**Your assignment:**
Only the lines below starting at the one that contains "Jurk-mét-jasje sets: de" and ending at the one that contains "SF Veterans Film" are to be reproduced, exactly and with both ends kept.

**Dataset records:**

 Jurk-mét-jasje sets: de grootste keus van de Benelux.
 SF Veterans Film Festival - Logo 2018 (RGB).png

--

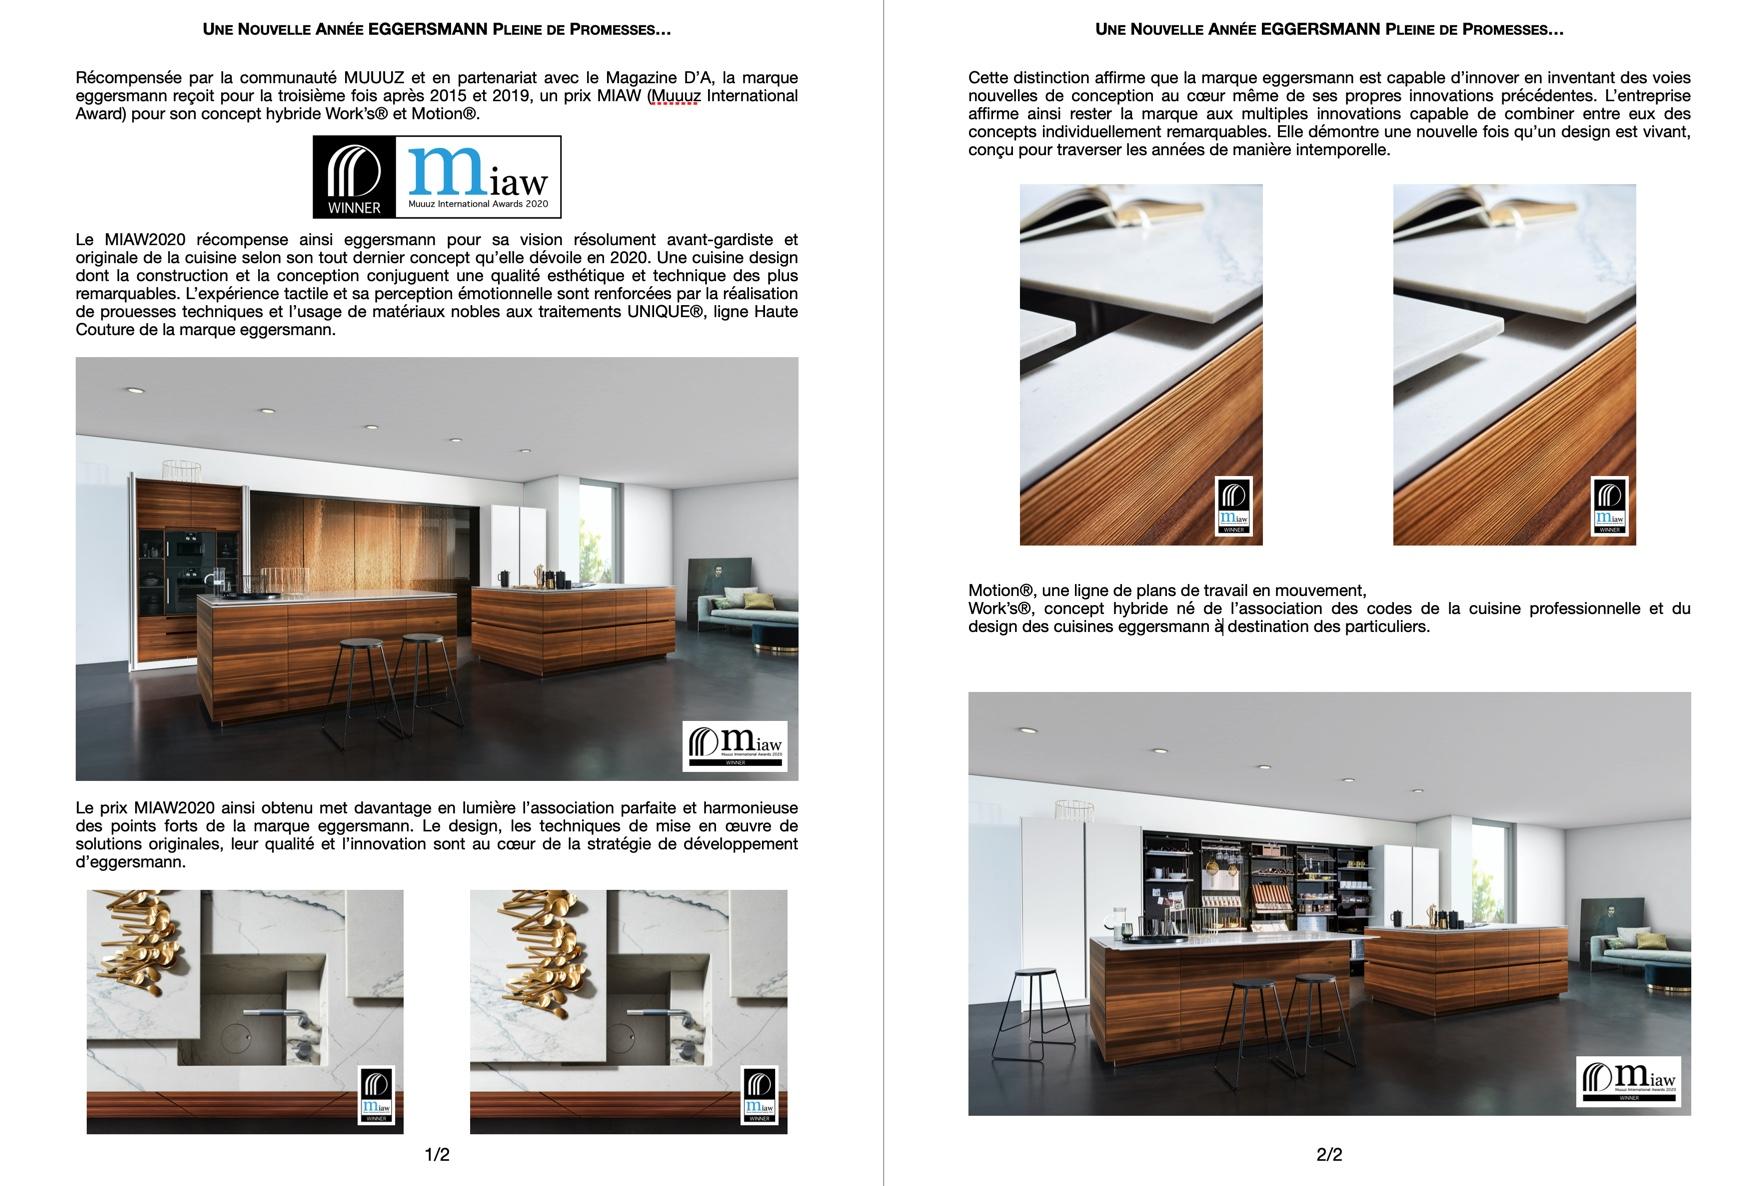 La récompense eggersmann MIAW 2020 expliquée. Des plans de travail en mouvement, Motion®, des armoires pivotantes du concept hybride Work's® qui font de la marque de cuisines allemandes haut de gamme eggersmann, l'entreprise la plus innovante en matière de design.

...

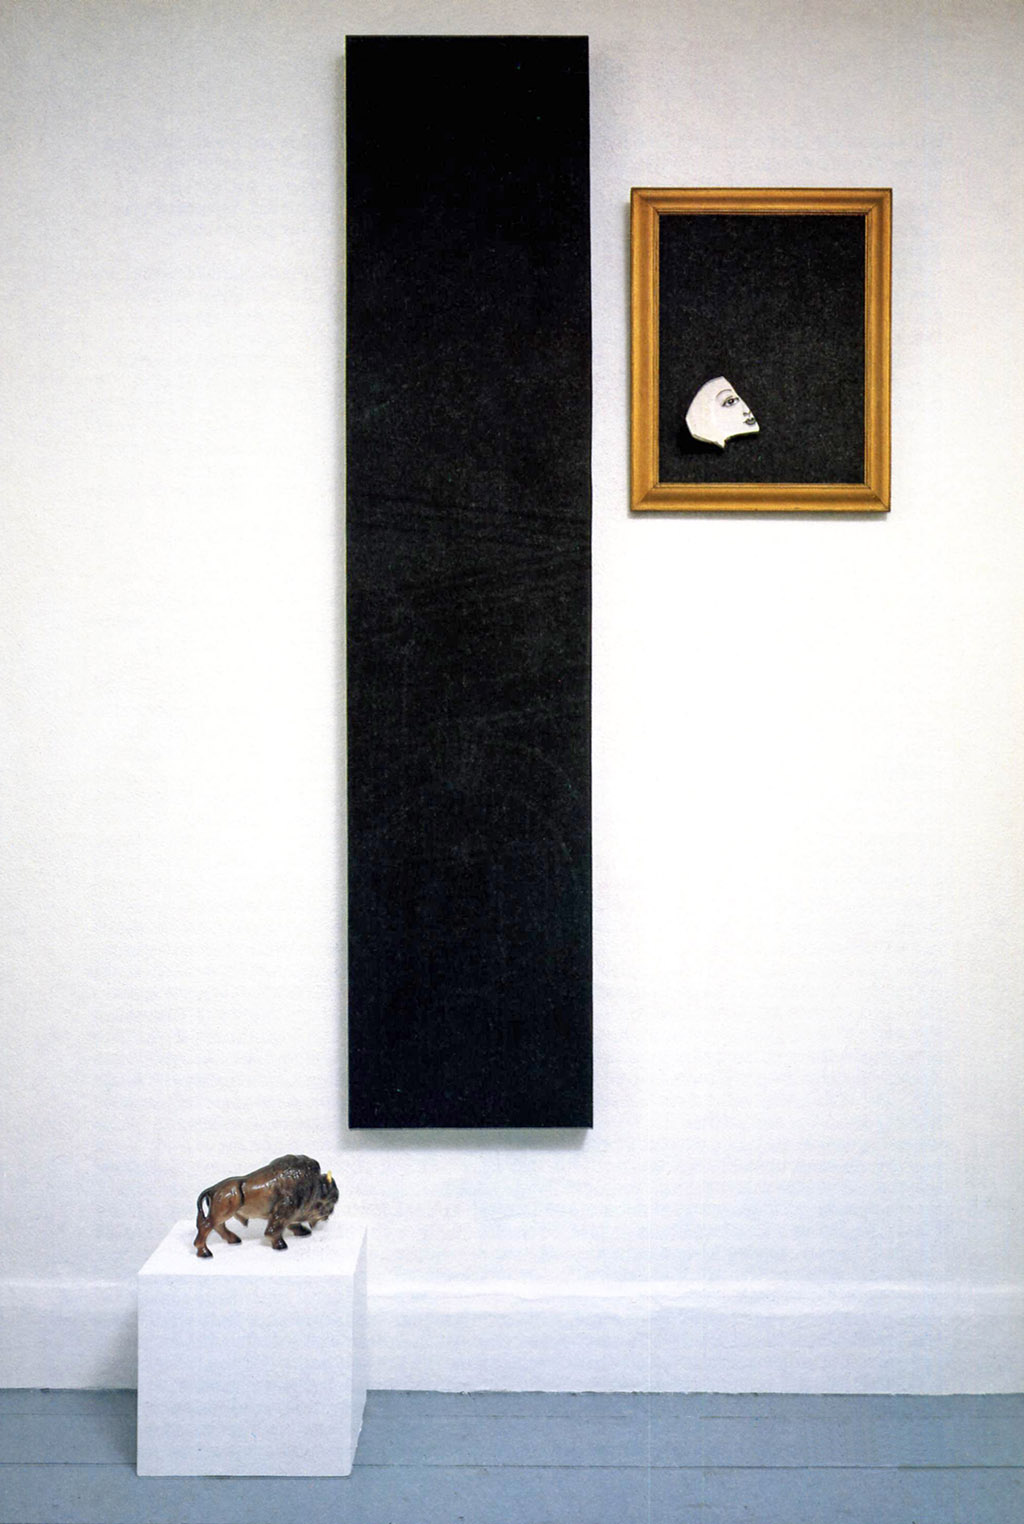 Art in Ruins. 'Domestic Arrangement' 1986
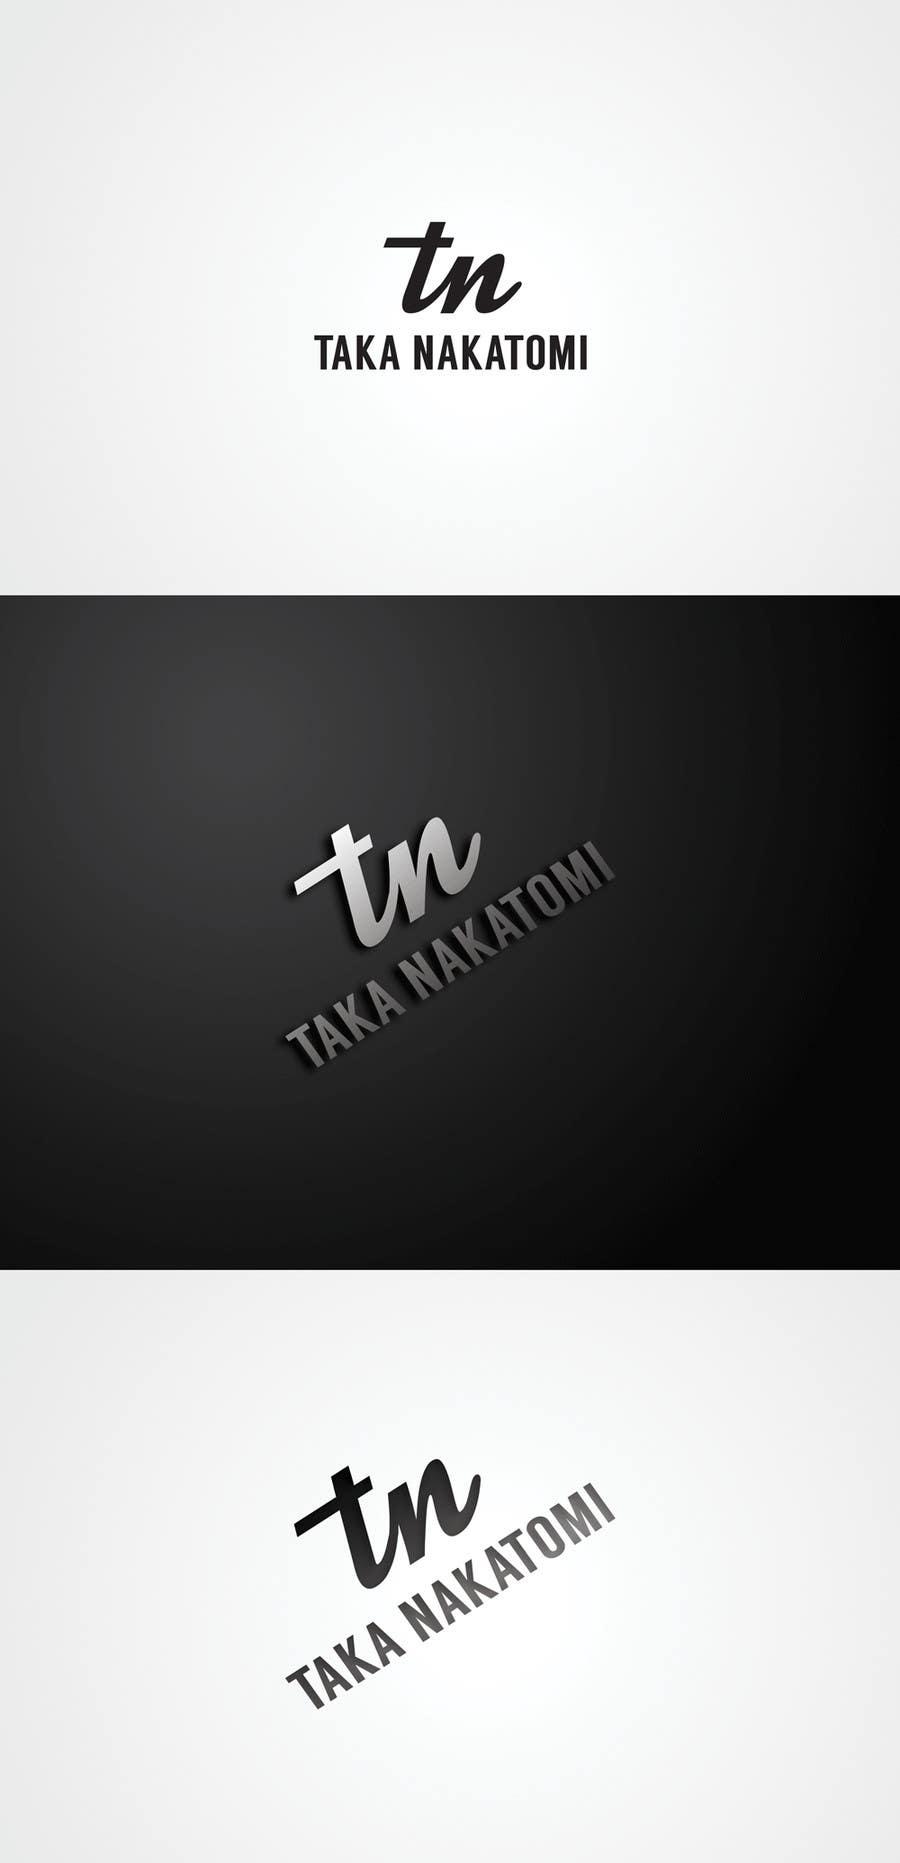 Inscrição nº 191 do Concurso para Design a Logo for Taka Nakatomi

**Answer box:**
 Jurk-mét-jasje sets: de grootste keus van de Benelux.
 SF Veterans Film Festival - Logo 2018 (RGB).png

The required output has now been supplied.